Reborn….

“Feeling Depleted? A Guide to Faculty Renewal” is the title of a recent Chronicle of Higher Education article devoted to re-energizing dispirited college professors (January 7th online). 

The authors do an excellent job when it comes to identifying the four ingredients that are needed for the renewal process, but outdated norms of civility prevent them from fully exploring that process.  It’s time to get real, folks.  The following suggestions for mixing these ingredients are better suited to our Trumpian era.  

TIME AWAY:  Using sabbaticals, spring breaks, and summer vacations to “get away” is for wusses.  Be aggressive.  Inform your department chair at the beginning of February that you won’t be meeting any of your classes for the entire month.  If the chair balks, simply say, “I know where you live and, by the way, how is 5-year-old Timmy doing?  Such a beautiful child!”  Flash a deranged smile when delivering that last sentence. 

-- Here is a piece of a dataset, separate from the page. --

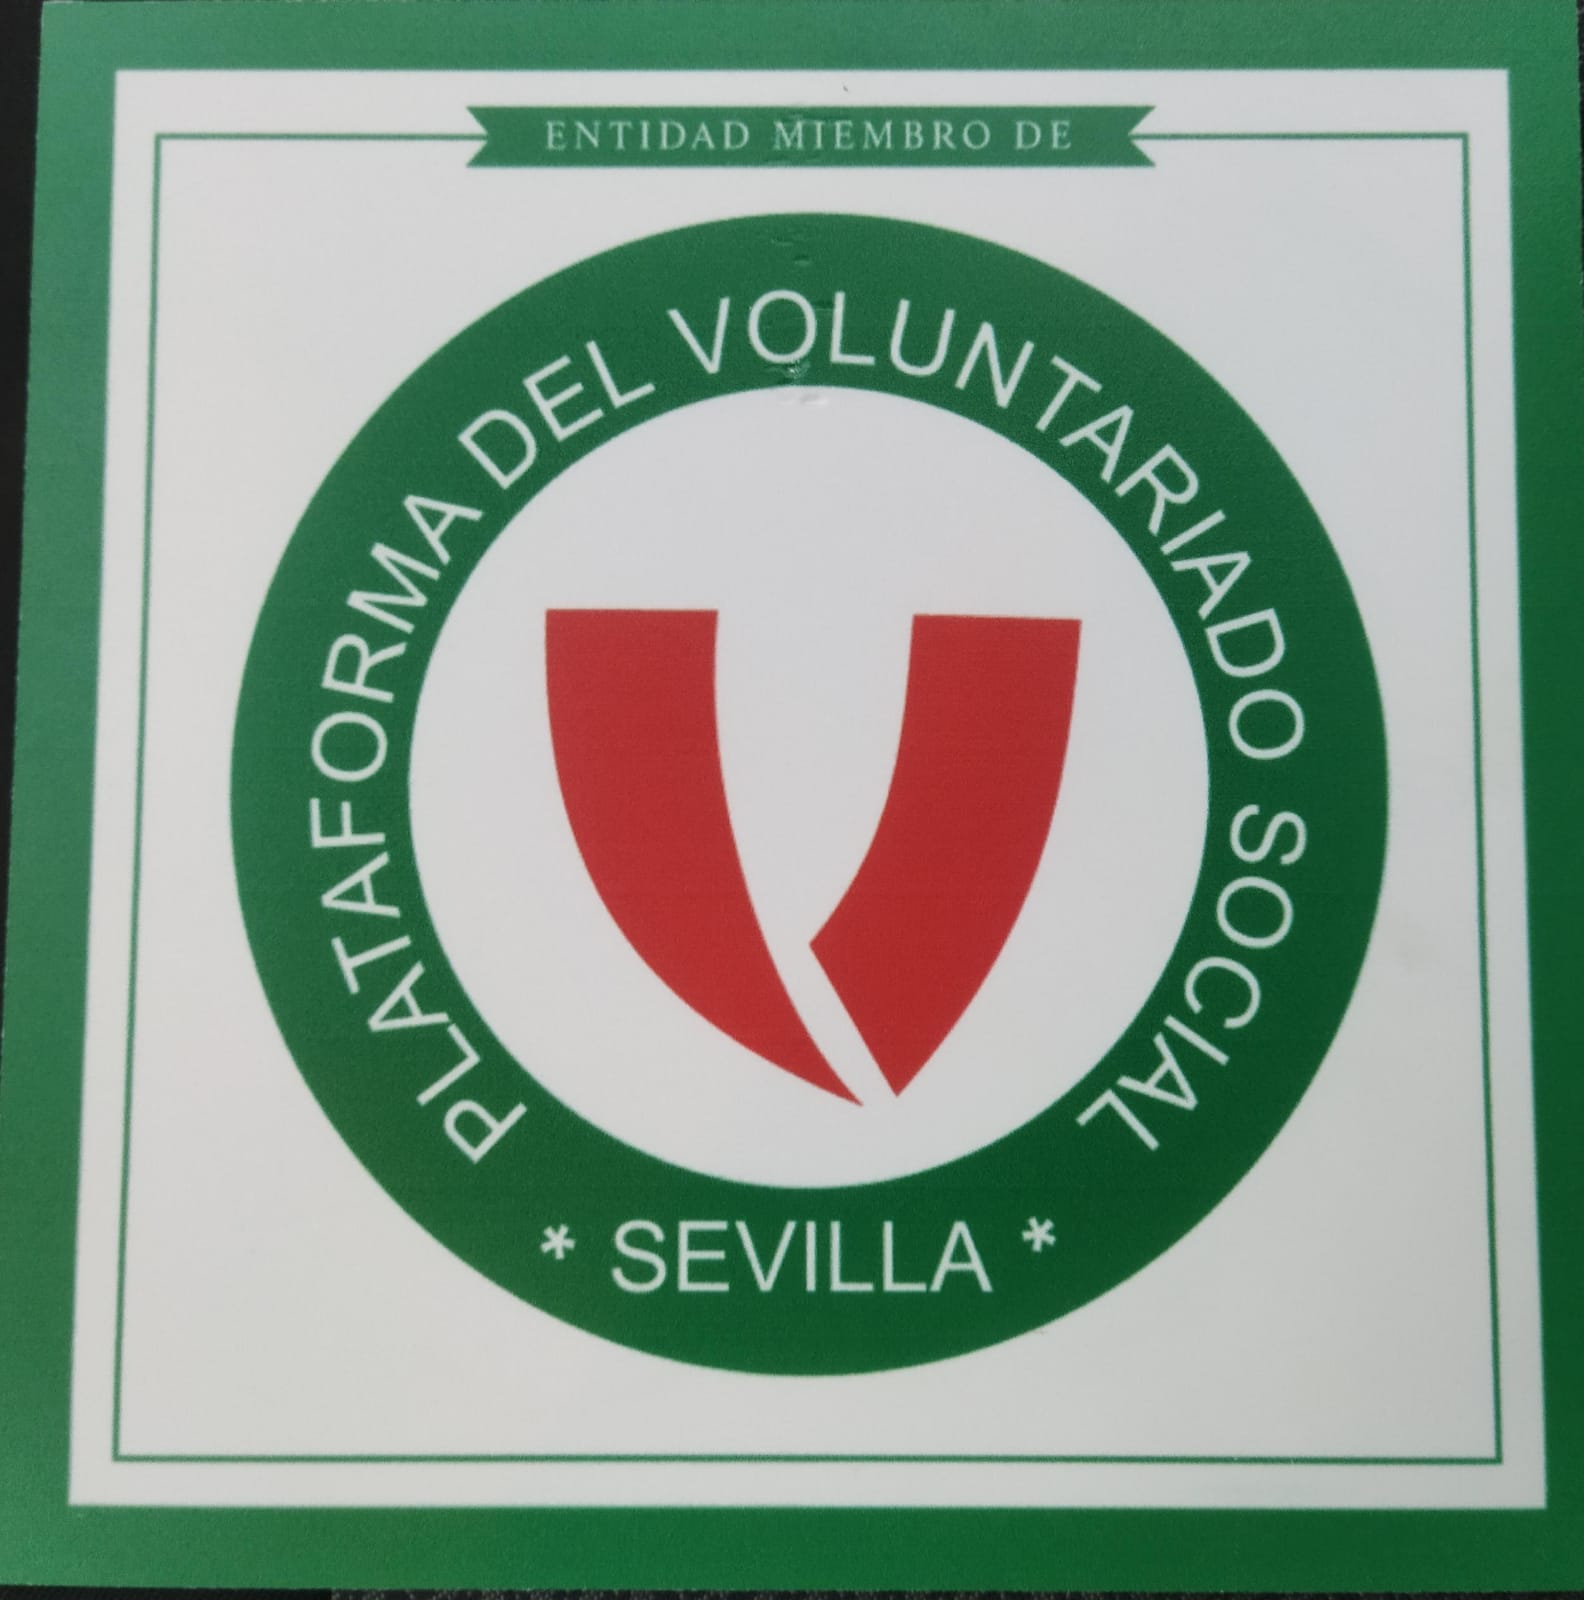 Entidad Miembro Plataforma del Voluntariado de Sevilla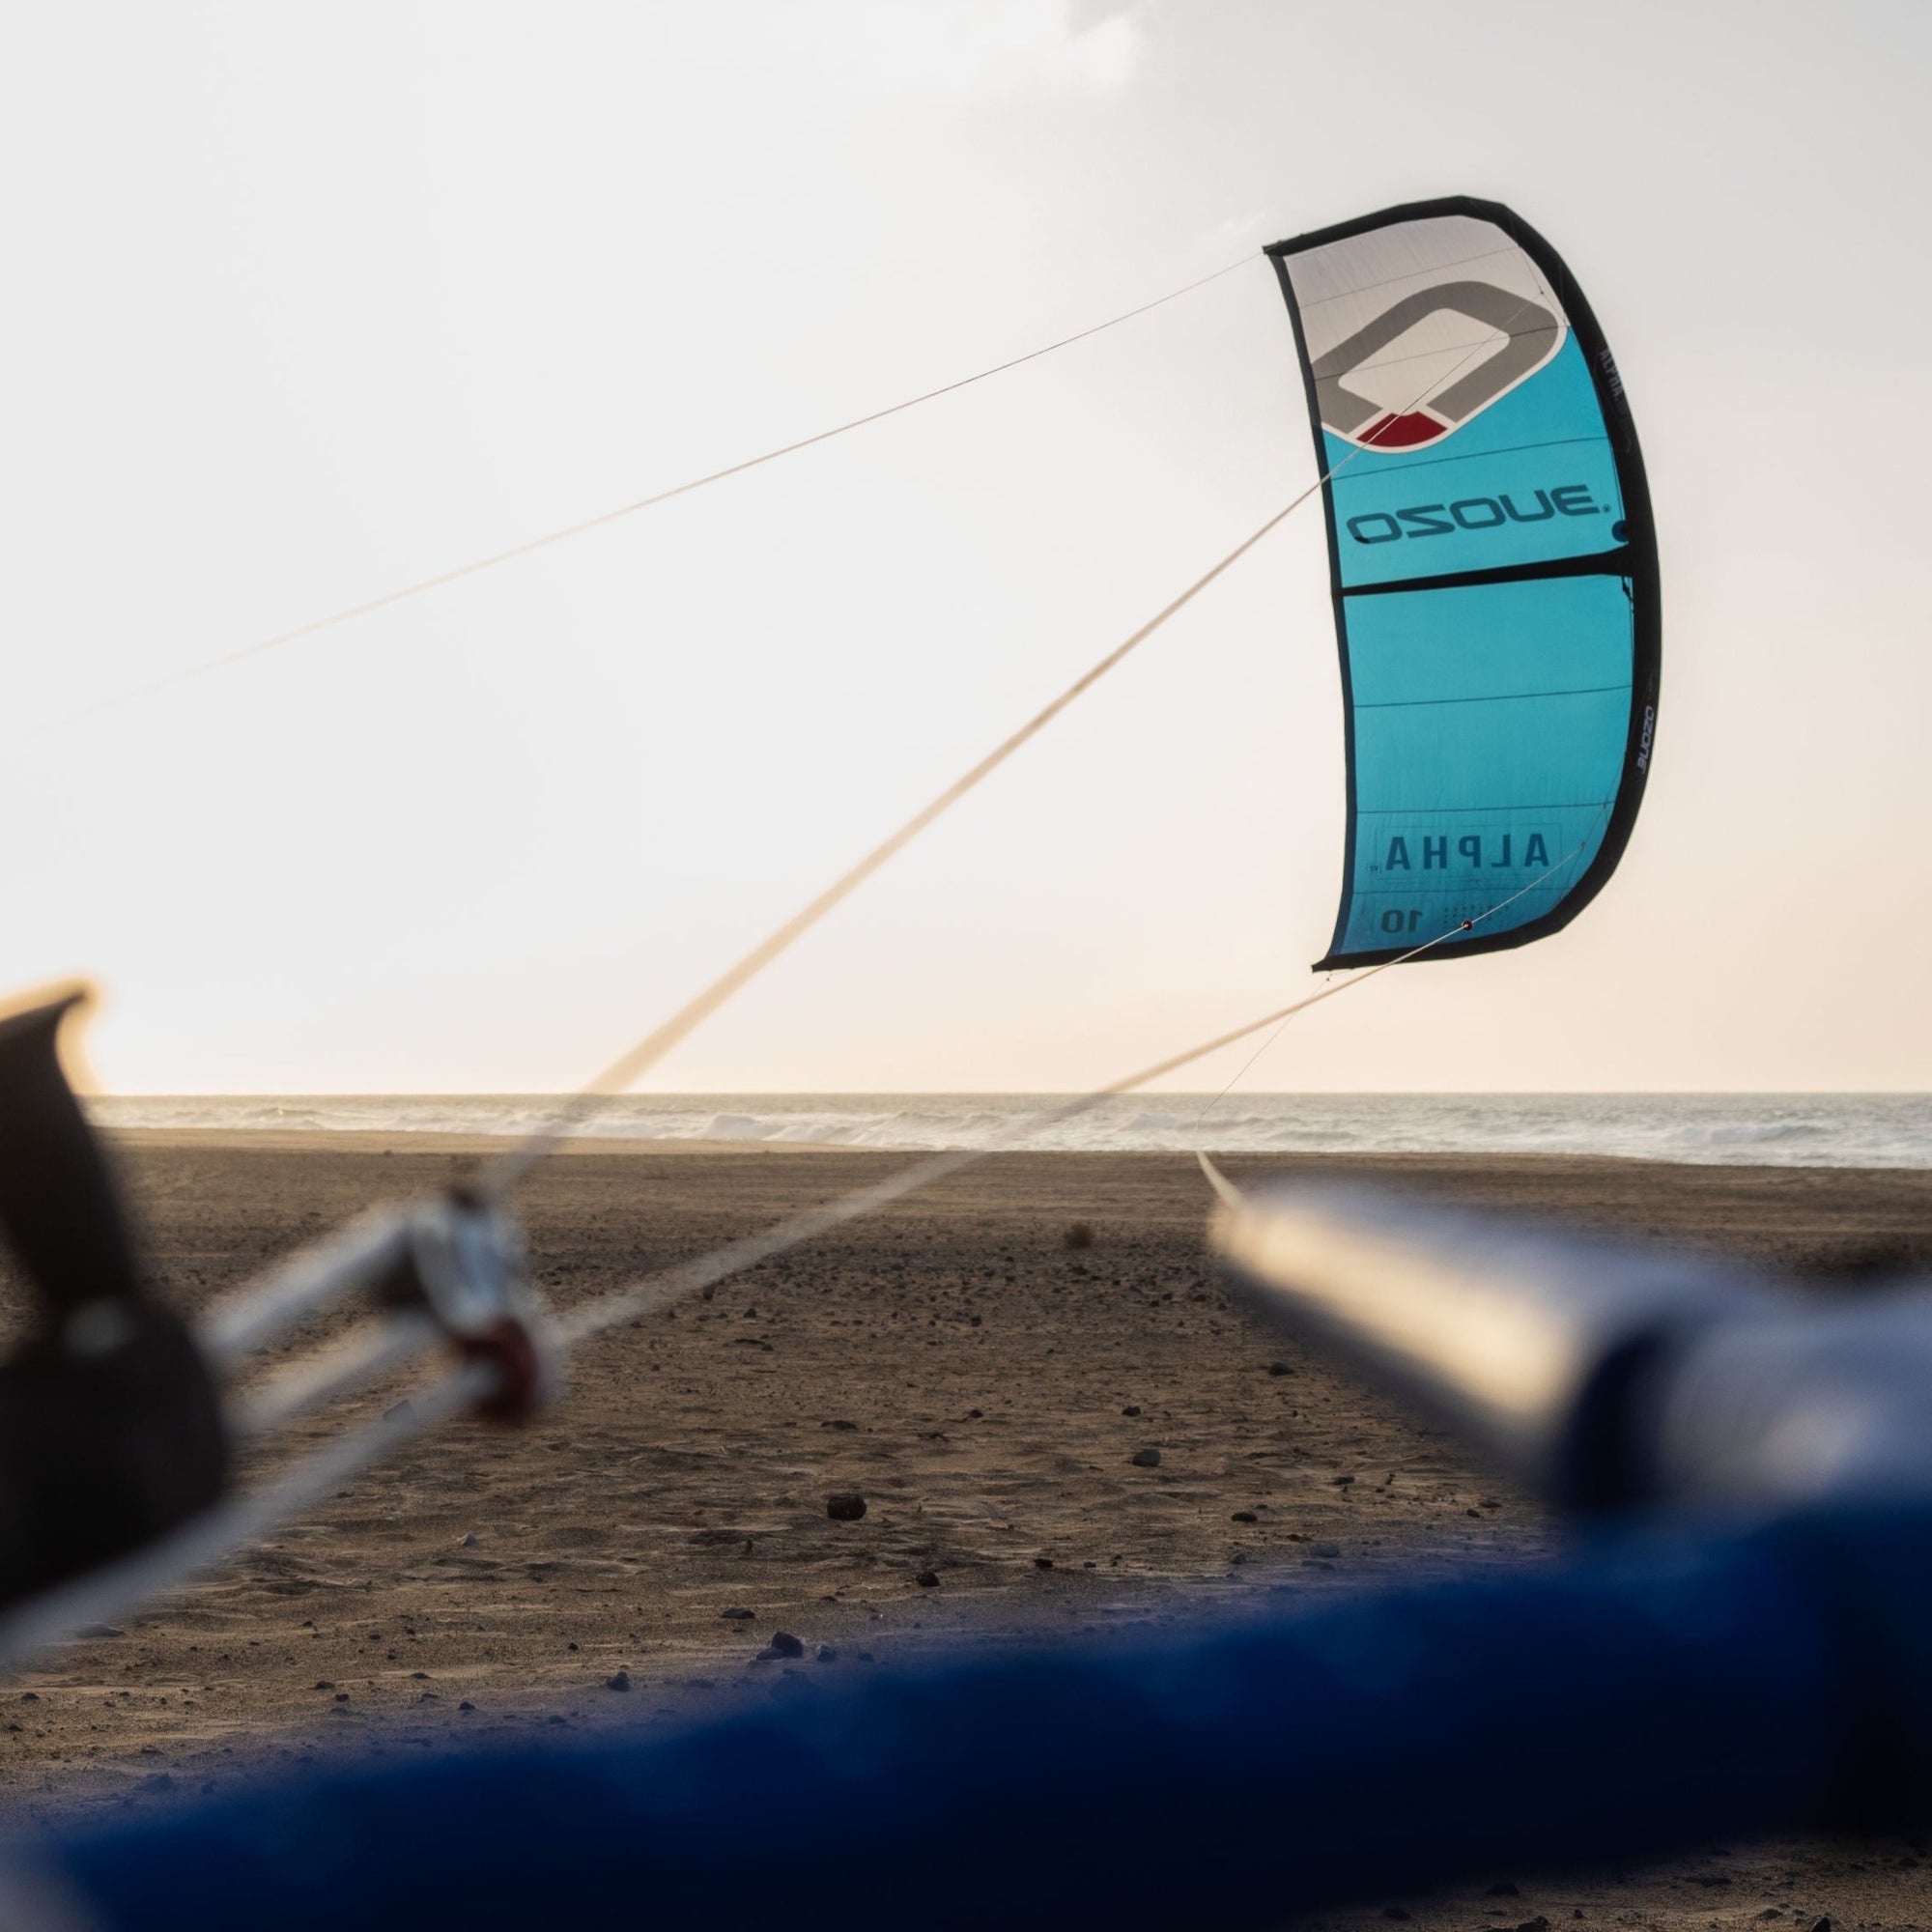 Blue Ozone Aplha V2 kitesurfing single strut kite flying

REFLECTION AND GOAL SETTING:  Your promotion to Associate Professor was denied last year, with the letter from the Tenure and Promotion Committee noting that you have yet to write a single chapter of the book you claimed to have been working on for the past five years:  “Stirring the Hive: The Revolt of Indigenous Beekeepers in 17th-Century Scotland.”  

Contemplating this insult is the kindling for the fury that rages within you.  It is now time to transform that fury into a measurable objective:  going to the home of every member of the T & P Committee and keying their car.  

COMMUNITY:  Assemble your attack team: that eccentric Math professor who insists on calling people “earthlings” rather than using their names; the Business School lecturer who responds to every colleague’s utterance with a facial expression that suggests the suffering associated with a severely impacted colon; and the alienated server in the faculty dining room who has been disciplined more than once for spitting into the tureen of minestrone. 

CLEAR NEXT STEPS:  In the faculty parking lot, identify the cars you intend to key on Revenge Night.  Double-check their license plates to ensure that no innocents are targeted.  Organize a practice session for the team at an auto junkyard.  Buy camouflage outfits, including ICE-type head coverings, for all members of the team.  Choose a time for the attack, preferably a moonless night between 1 and 3 am. 

Treat the team to pizza and beer on the evening of the mission. 

Execute the mission.

Return to your classes the following month, knowing that there is no challenge in academia you can’t handle. 

And continue to avoid the minestrone.